To clarify, when speaking of Russia’s “reserves” there are three different funds that are being referred to. First, the Sovereign Wealth Fund held by the Finance Ministry. According to the Finance Ministry’s own numbers, the SWF now holds $49.95 billion. The Finance Ministry also holds a second reserve fund called the National Welfare Fund. This fund allegedly has $71.72 billion left in it, but according to Russian economist Sergei Aleksashenko, the true number is $48.1 billion, as the remainder has already been distributed.

And finally there is the Russian Central Bank’s so-called “international reserves”. The Central Bank posts these numbers every Thursday, and gives a small breakdown of the numbers at the end of every month. But as I blogged here nearly a year ago, the Central Bank is fudging their numbers. To give a brief summary: the Central Bank is including within its “international reserves” the two reserve funds held by the Finance Ministry (now slightly less than $100 billion total), its gold (the Central Bank claims to have $48.5 billion), and (from what I understand, though it is not laid out in the Central Bank’s accounting as it is considered a state secret) palladium reserves. The latter two items are not “liquid” assets, and it is a questionable practice to include them. Thus, when the Central Bank says that it has $368 billion in “reserves”, this is an untrue statement. If you take away the gold, and the two reserve funds, the Central Bank has less than $200 billon, but I suspect it is quite a bit lower than that.

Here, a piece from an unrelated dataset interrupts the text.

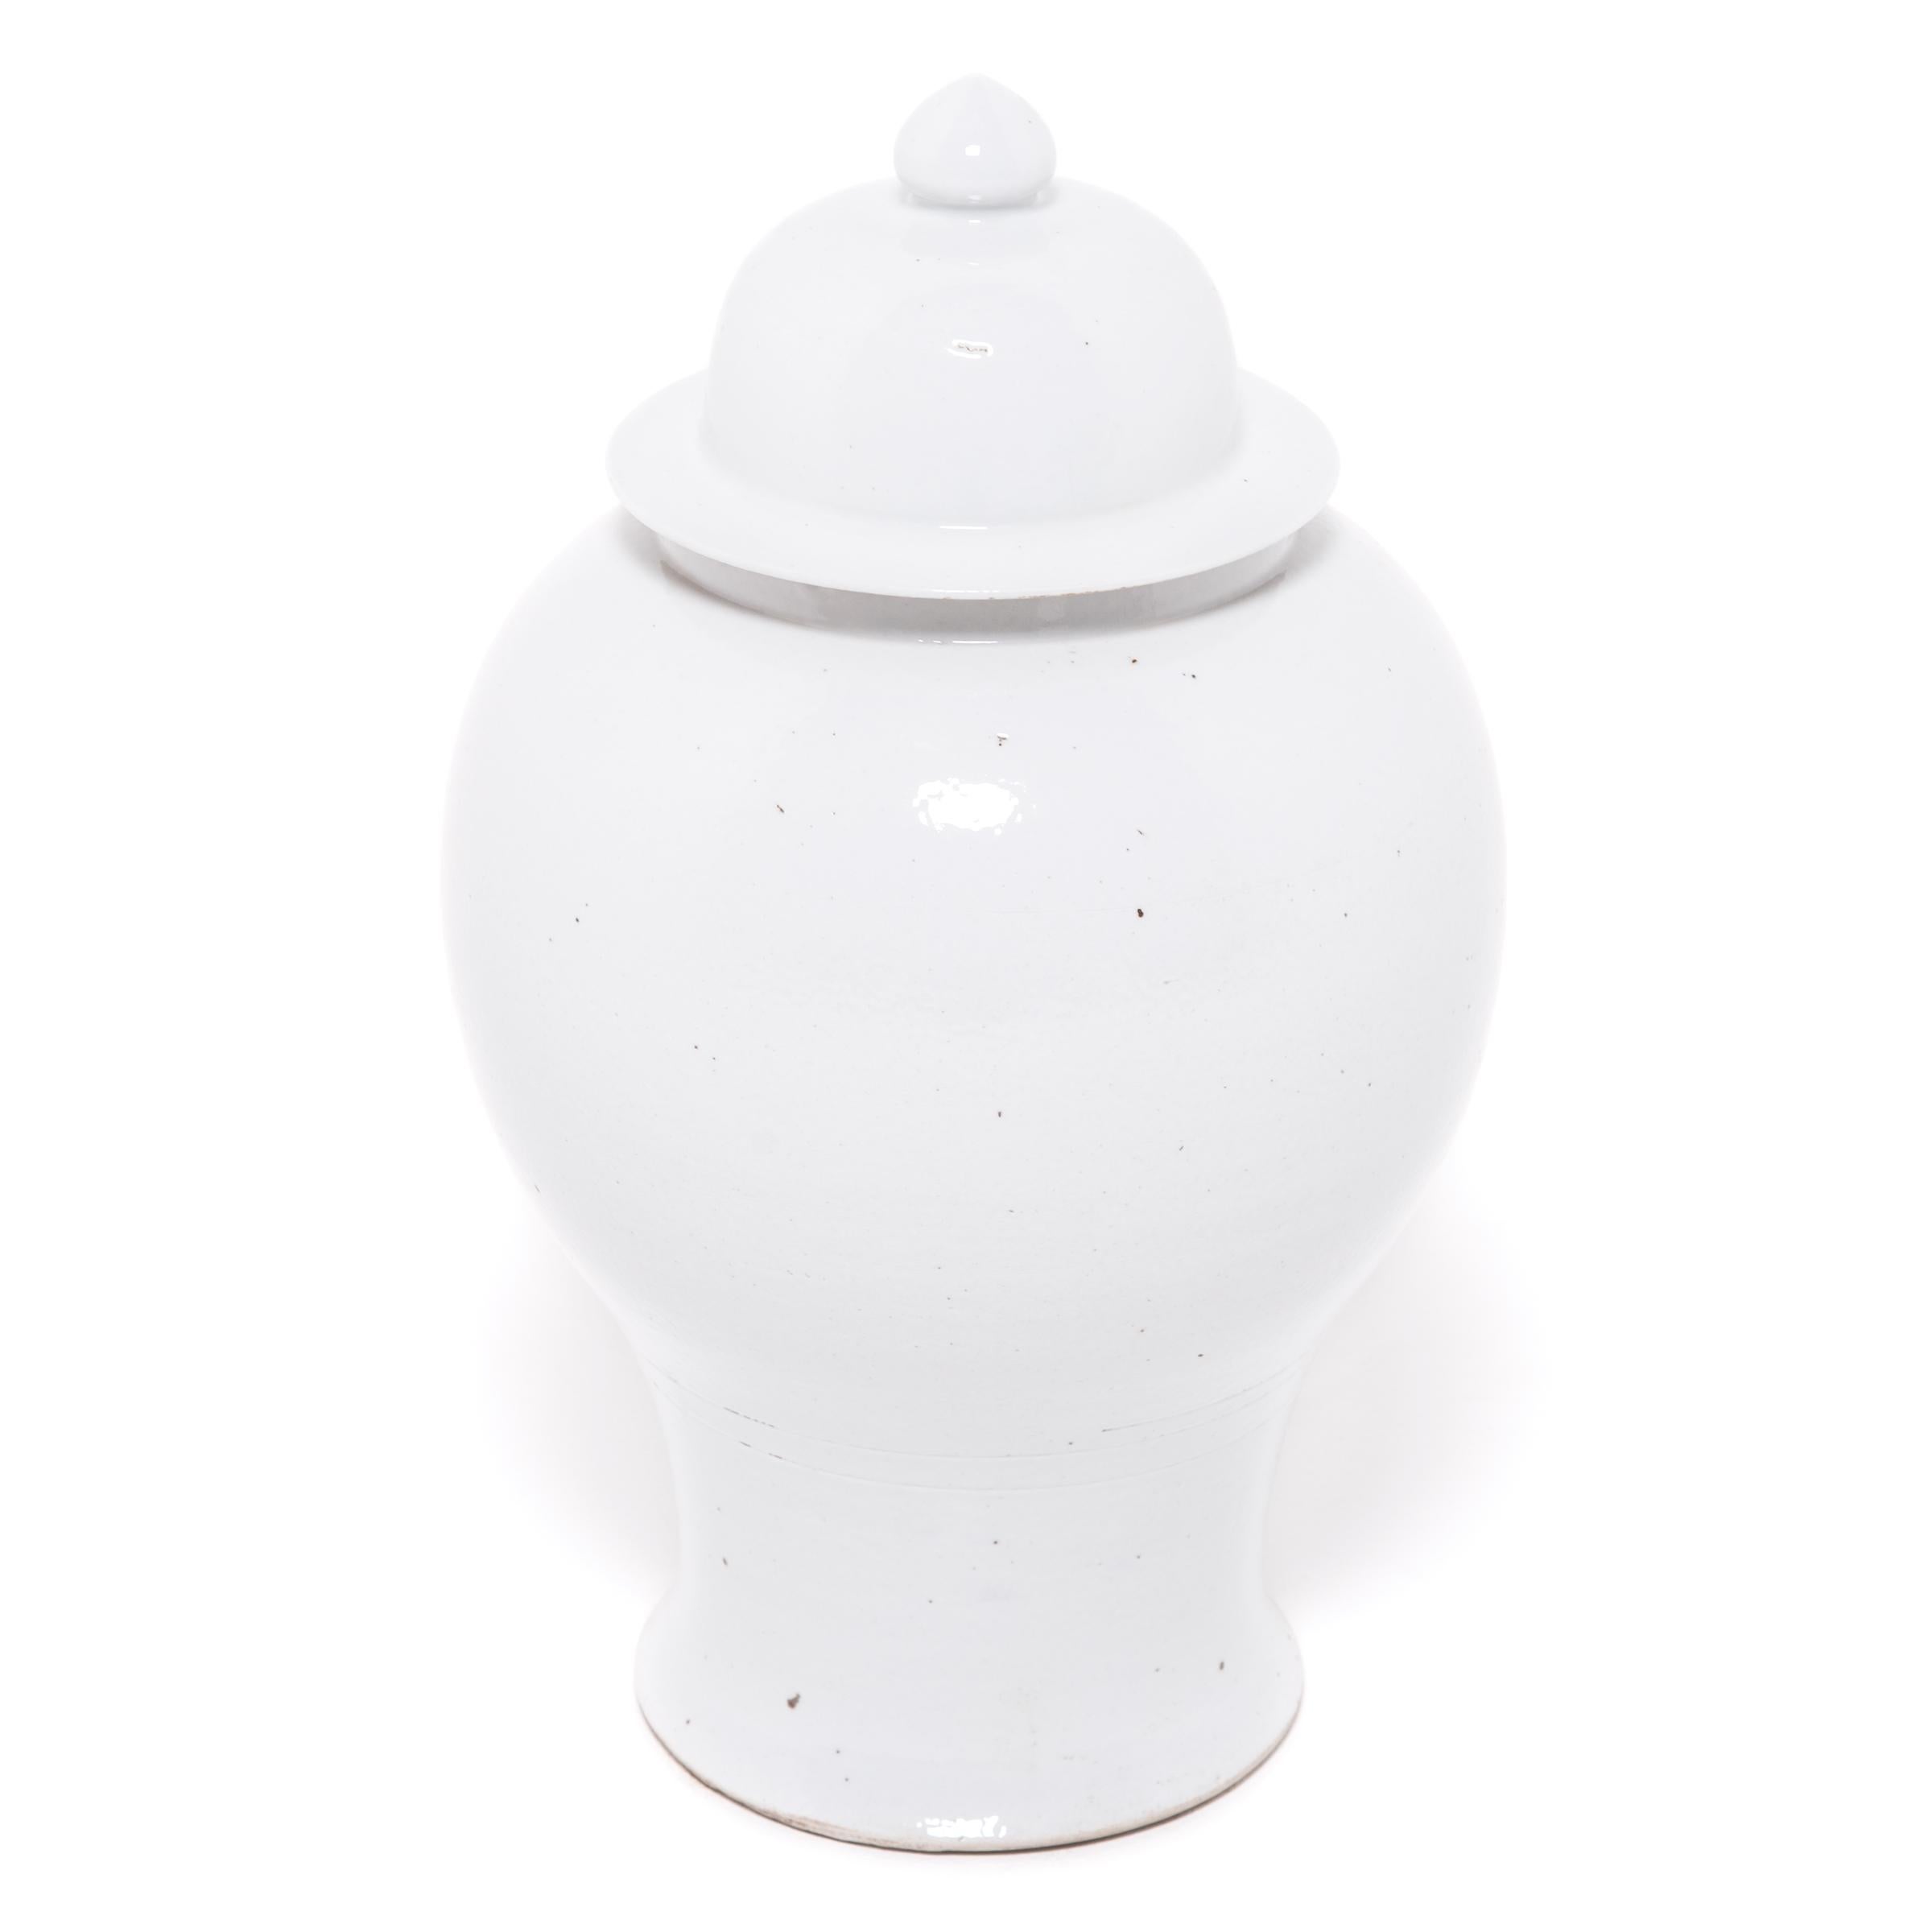 Defined by its rounded body, high shoulders and domed lid, the time-honored look of the Chinese baluster jar takes on a streamlined look in this contemporary interpretation made in Jiangxi province. Traditionally elaborately decorated, this modern

Now, as for the other question that has come up in regards to all of this. As the price of oil has plunged to record lows, the exchange rate of the ruble to the US dollar has more than halved. Where it was maintaining a steady rate of about 28 rubles to the dollar before the war in Ukraine began nearly two years ago, it has now dropped to 78 to the dollar. Experts have said that this is still too high, and that the natural rate is closer to the 90s. The head of one of Russia’s own state-run corporations conceded publicly a month ago that the rate should be closer to 80 (when the ruble was sitting at about 72 to the USD).

So how is the Central Bank keeping the ruble so unnaturally stable? They claim that they have not intervened on the market since July. However, there are other ways to prop up the ruble that do not include officially intervening. One of those was highlighted by the Russian economist Sergei Guriev in December:

“The Russian government, especially the Central Bank, has largely managed to preserve financial stability, a brief outbreak of panic in December 2014 notwithstanding. To offset the loss of access to Western financial markets, the Central Bank has relied on a new instrument—foreign currency repurchase agreements. In effect, the Central Bank has lent dollars to Russian banks that essentially posted their own dollar loans to Russian companies as collateral—and in turn used the dollars to repay their external debt. This has allowed Russia to stave off a run on the ruble as well as major defaults on Russian corporates’ dollar-denominated debt.”

This is one way of intervening on the currency market without officially “intervening”. How much longer the Russian Central Bank can keep up this pretense remains to be seen.